> _WHAT IS BEING ASKED_
What is needed is an exact reproduction of the listing, without its pictures.

> _DATASET EXCERPT_
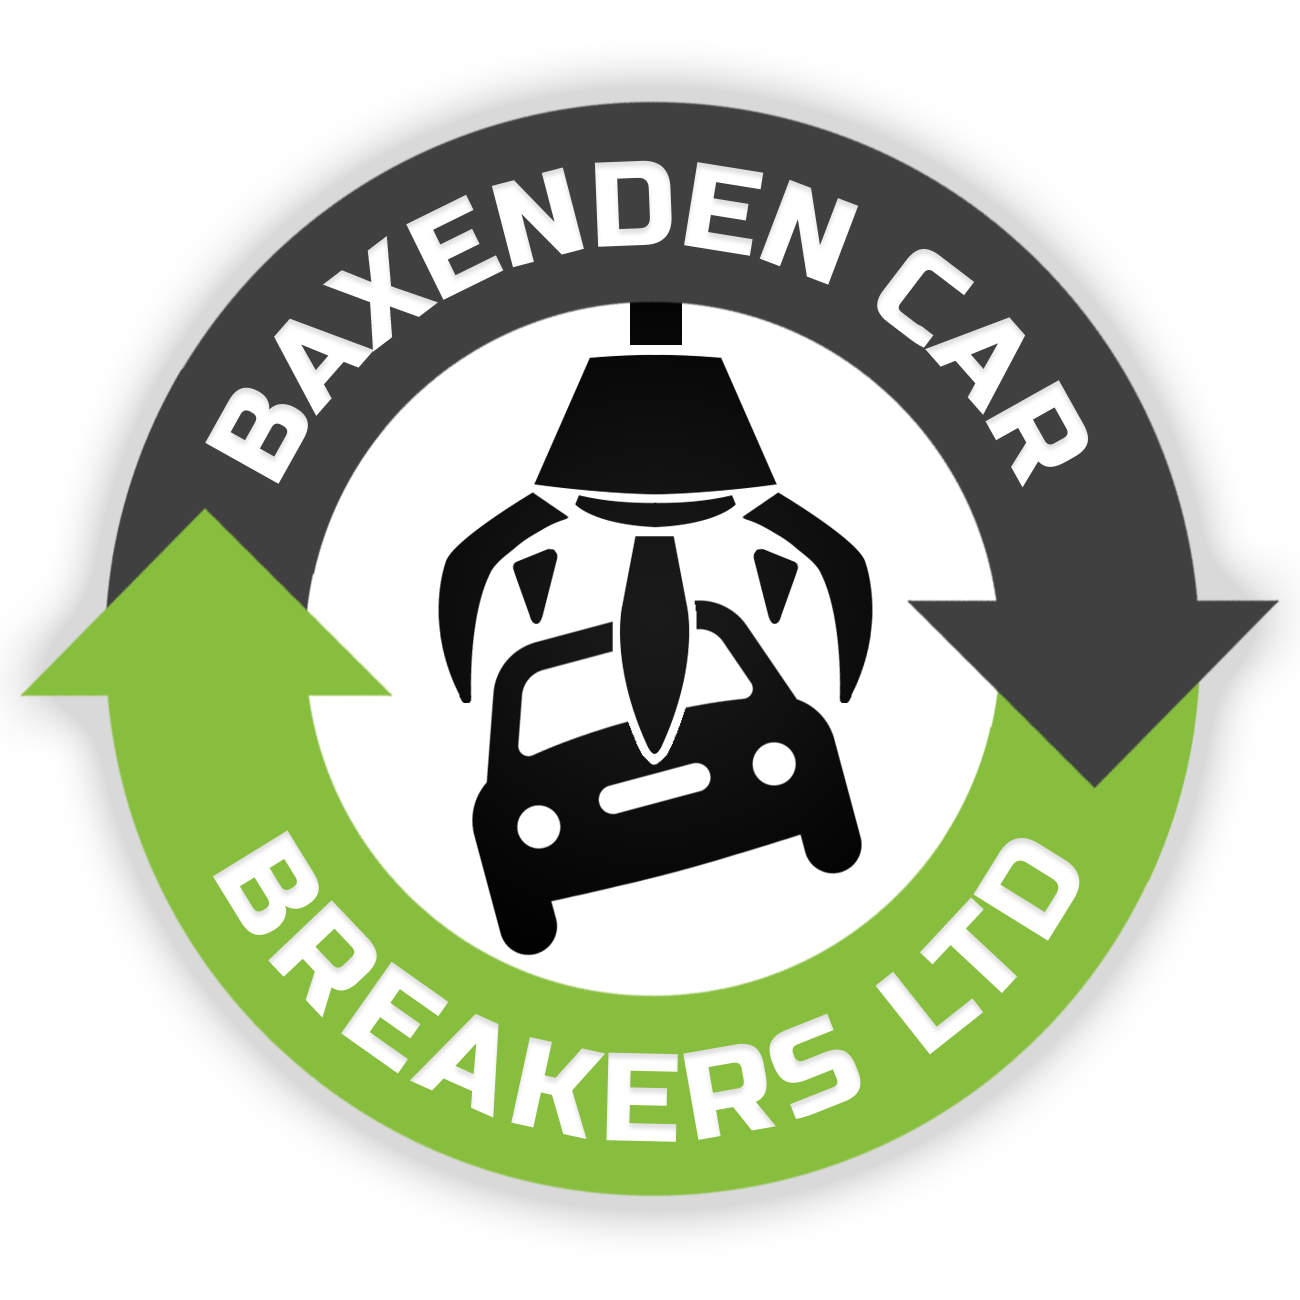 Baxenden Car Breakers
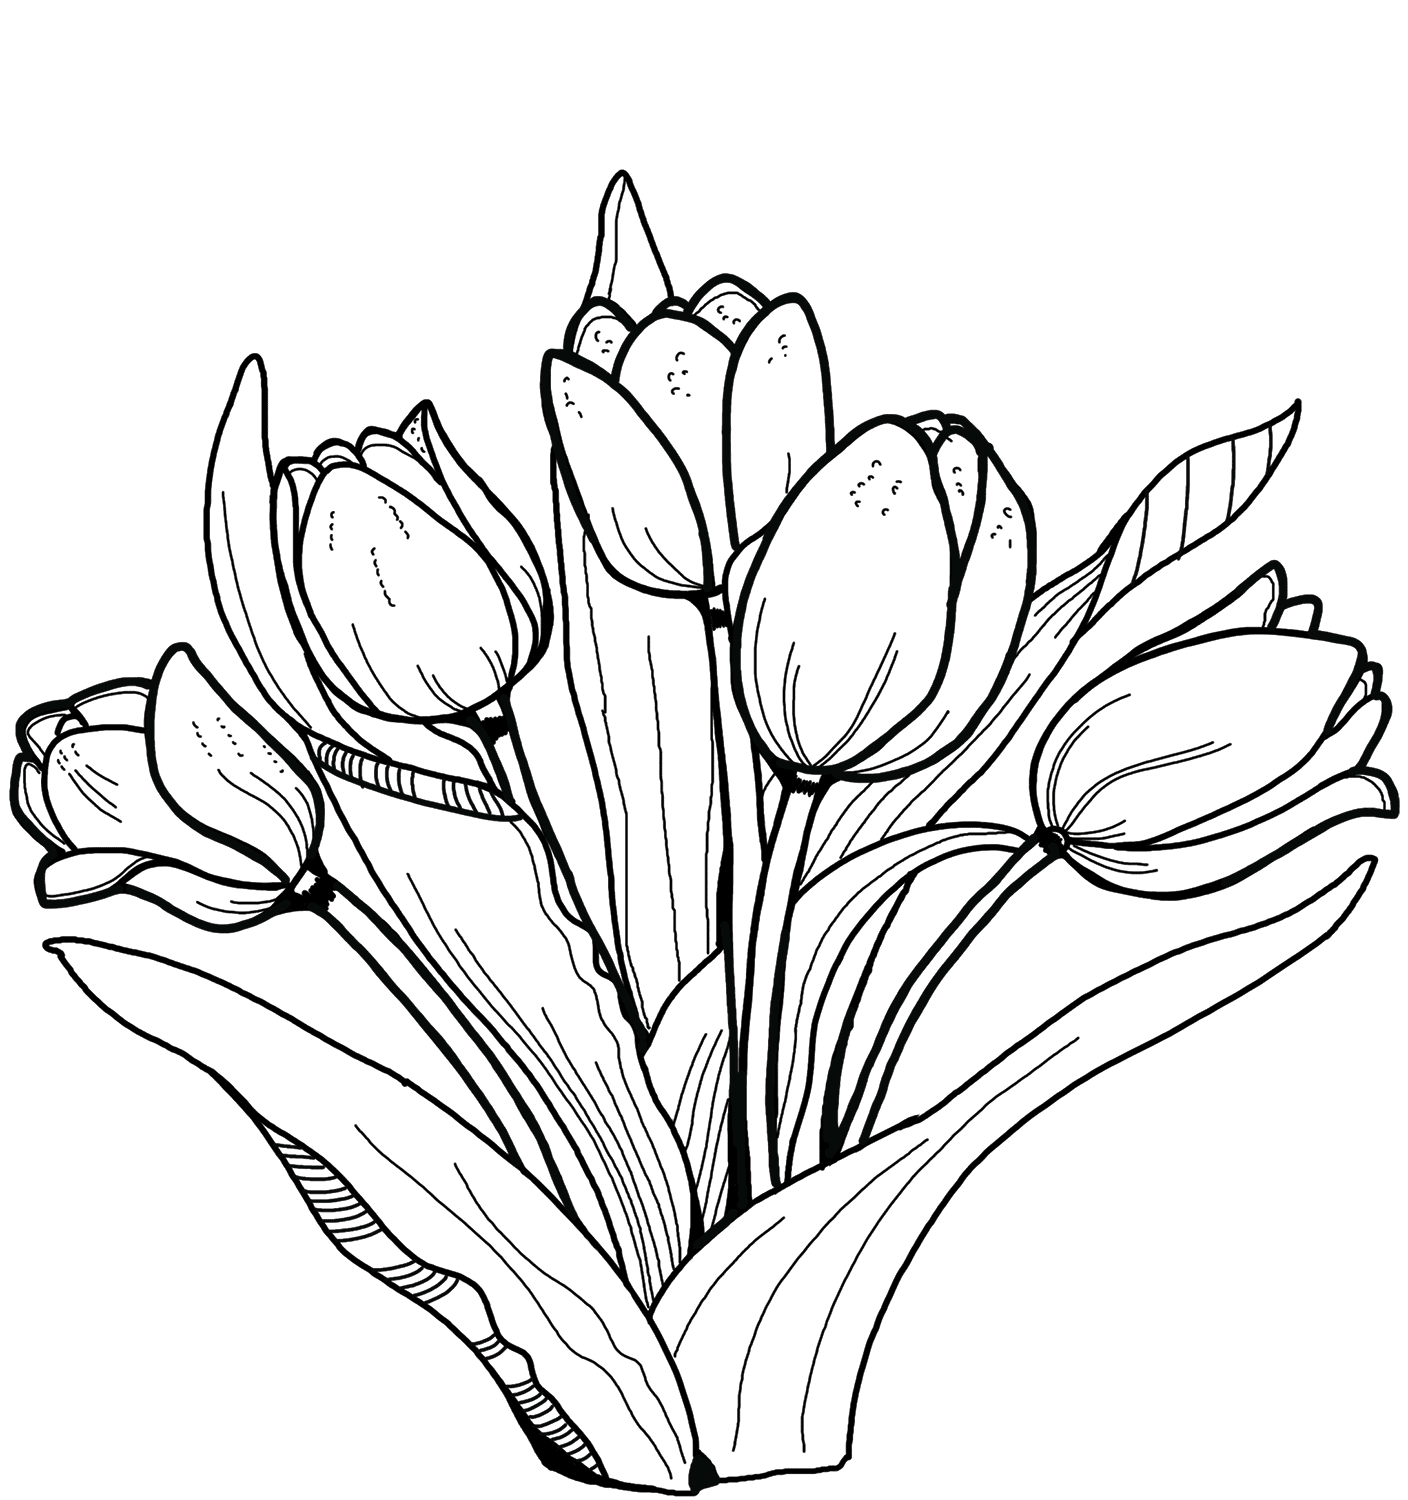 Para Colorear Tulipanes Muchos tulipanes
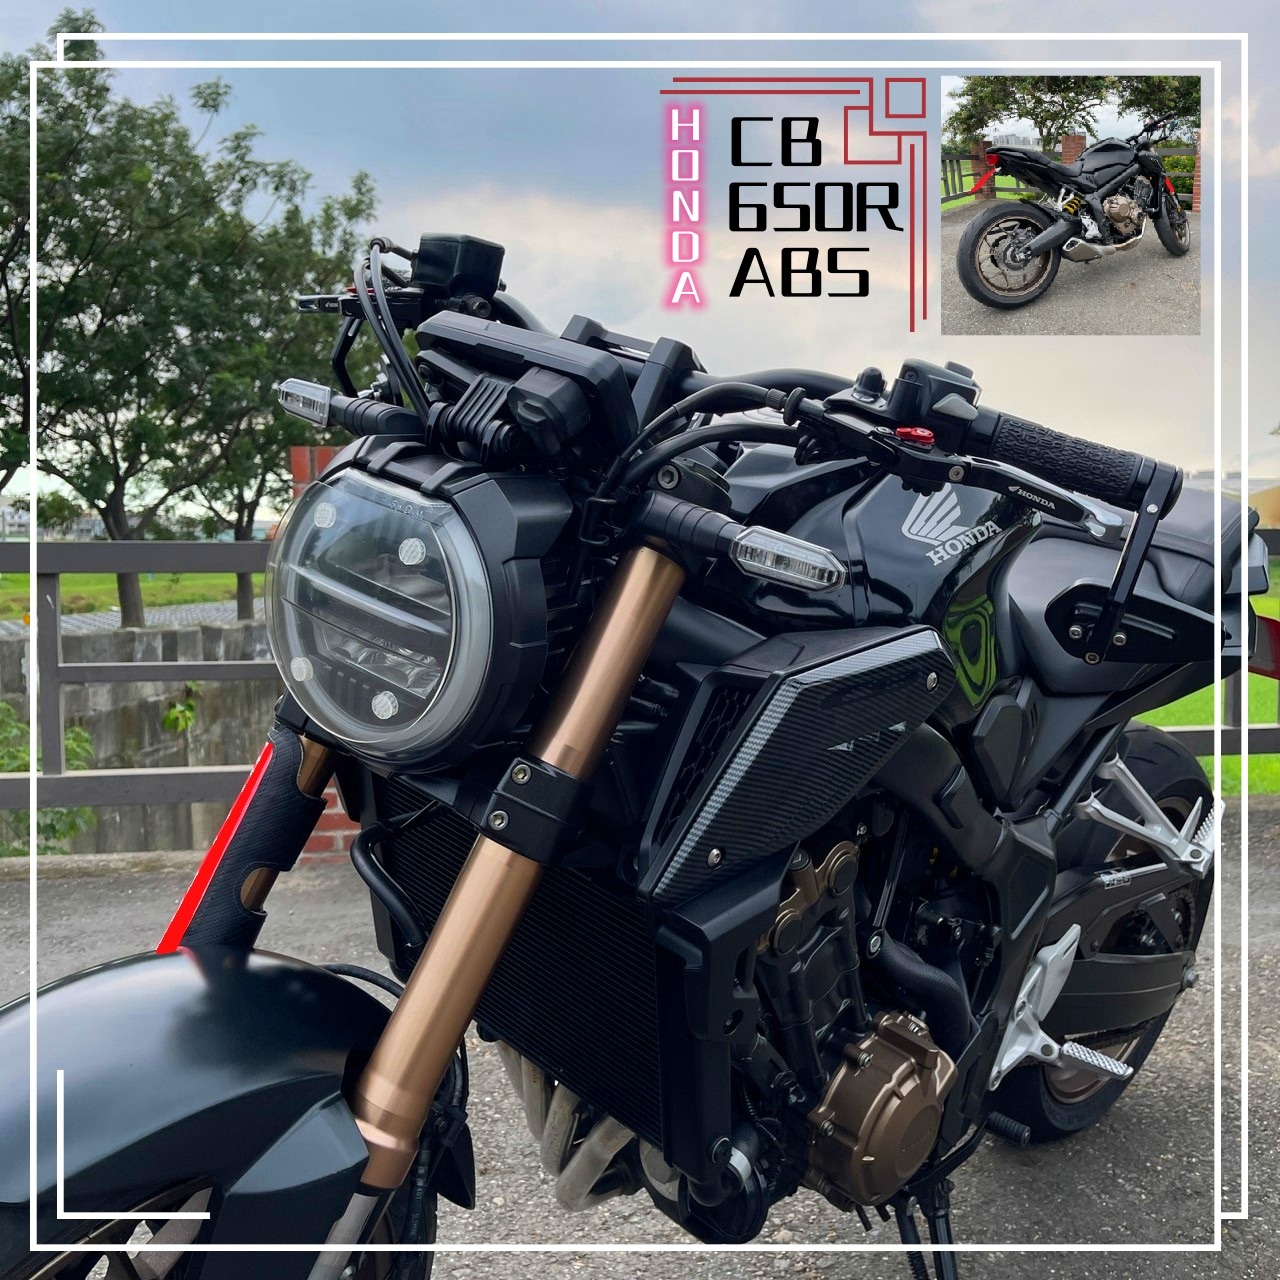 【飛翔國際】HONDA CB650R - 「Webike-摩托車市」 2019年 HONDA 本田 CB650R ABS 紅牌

> _WRITTEN SOLUTION_
 Baxenden Car Breakers
 Para Colorear Tulipanes Muchos tulipanes
 【飛翔國際】HONDA CB650R - 「Webike-摩托車市」 2019年 HONDA 本田 CB650R ABS 紅牌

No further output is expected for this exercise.